Why this calculation matters in practice

Hypochlorous acid chemistry is important in sanitation and water systems because free available chlorine is not present as just one species. Its form depends strongly on pH. At lower pH values, more of the free chlorine exists as HOCl; at higher pH values, more exists as OCl. Since these species differ in reactivity and disinfecting behavior, understanding the acid-base equilibrium is essential for interpreting chlorine performance in pools, drinking water, surface disinfection, and process water systems.

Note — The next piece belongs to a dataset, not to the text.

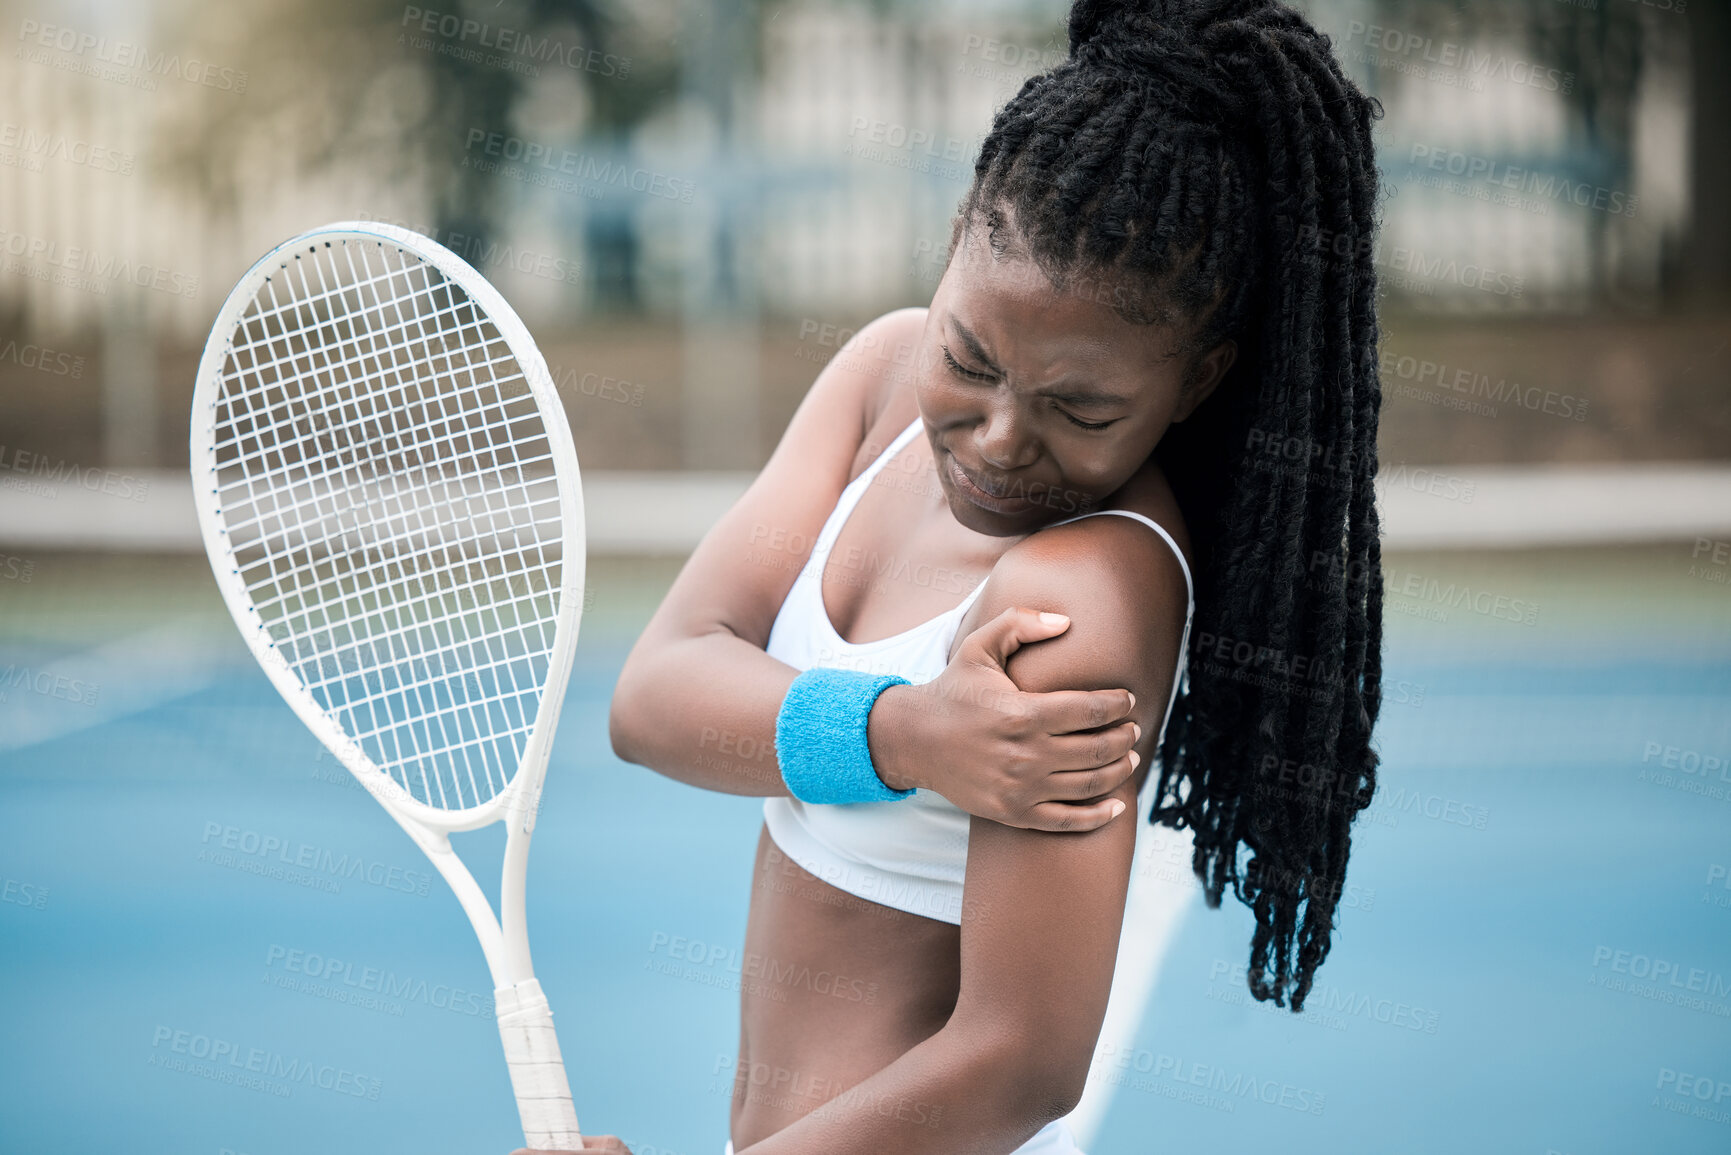 Buy stock photo Muscle injury, tennis game and black woman with emergency health problem during competition, medical accident during sports and fitness training on court. African athlete with arm pain during cardio

That said, the question “calculate the pH of 0.1 M HOCl” is a pure equilibrium problem unless additional chemistry is specified. You do not need to model chlorine gas hydrolysis, ionic strength effects, or secondary side reactions unless your instructor or project specifically asks for them. In most educational settings, the weak-acid equilibrium calculation shown above is the expected approach.

Authoritative reference links

Final takeaway

If you need to calculate the pH of 0.1 M HOCl, the correct strategy is to use weak-acid equilibrium, not strong-acid assumptions. With a typical room-temperature value of pKa = 7.53 or Ka = 2.95 × 10-8, the dissociation is small, the equilibrium hydrogen ion concentration is approximately 5.43 × 10-5 M, and the resulting pH is about 4.27. That answer remains the standard benchmark for this chemistry problem.